I've got a Cryptocoryne from Japan that came to me as a C. pygmaea but i dont think its the real classification of it. It growns real fast, but i have no flower yet.

Anyone can id it, please?










Sorry the bad quality of the photo and my terrible english... 

Thank you all..


----------



## lorba (Feb 4, 2004)

this looks like a walkeri or wendtii to me?


----------



## tsunami (Jan 24, 2004)

That most definitely is not C. pygmaea! It looks like it's one of the wendtii-becketii-walkeri-undulata type crypts. I hope you didn't pay too much for it, since these are relatively common cryptocorynes.

Carlos


----------



## Rafael Diogo (Feb 2, 2005)

Thanks for the reply, Carlos and lorba.

I remember thant, when i bought this plant i bought also a C. wendtii 'Mi oya'. 

When the plants arrived to me, one of them had died and the other(this one)i 'saved'. 

I´m wondering...could this Crypto be a C. wendtii 'Mi oya'???

Once again, thanks for the feedback of everyone!

Best regards


----------



## MiamiAG (Jan 13, 2004)

Rafael,

Use the attachment function to upload your image.
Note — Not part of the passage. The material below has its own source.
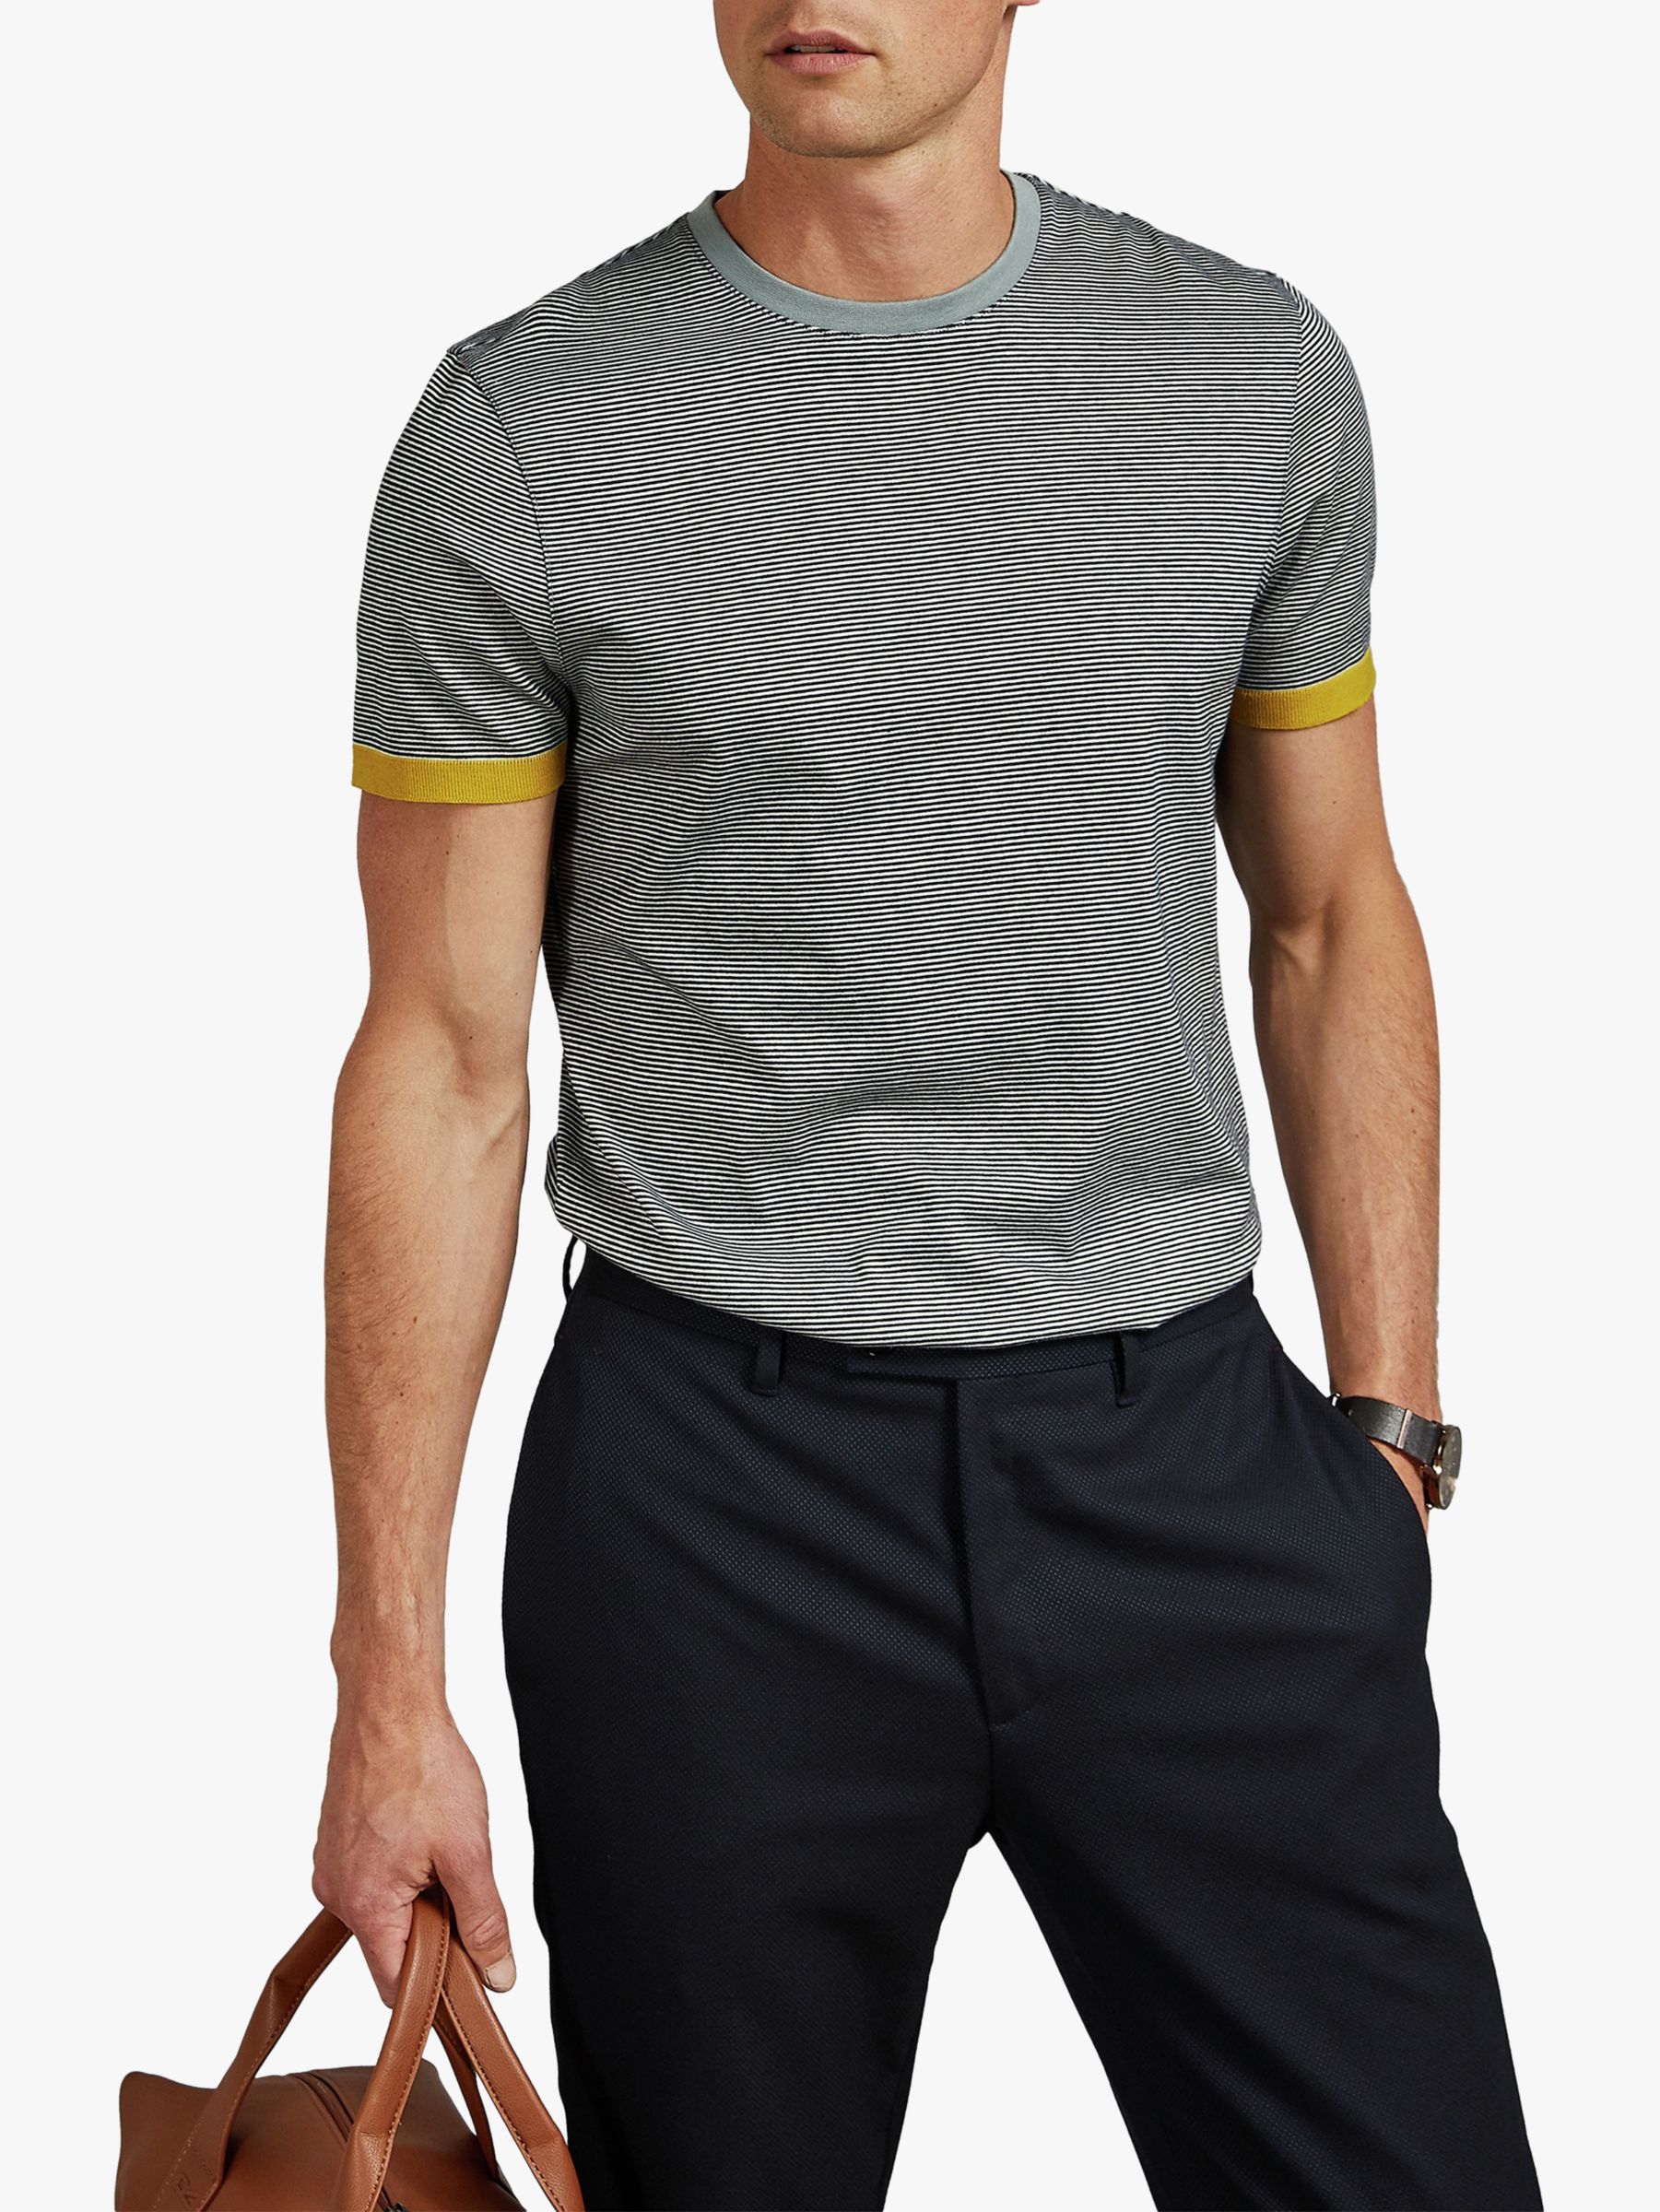 Ted Baker Delsole Stripe T-Shirt, Navy

It seems your image hosting site isn't working.


----------



## Rafael Diogo (Feb 2, 2005)

Hi folks

Megagaleria had had a problem, but its now solved.

Greetings


----------



## tsunami (Jan 24, 2004)

Almost a certainty -- that is Cryptocoryne wendtii 'Mi Oya'.

Carlos


----------



## lowcoaster (Dec 6, 2004)

The Mi Oya I get in has generally redder leaves that are thinner, pointed and have undulated edges---Could it be another wendtii morph?


----------



## Rafael Diogo (Feb 2, 2005)

Hi folks,

Im wondering...couldnt it be a C. wendtii 'red'?

Wendtii has so many subspecies and human made varieties that it gets too difficult to know exactly which plant is.

Thank you all


----------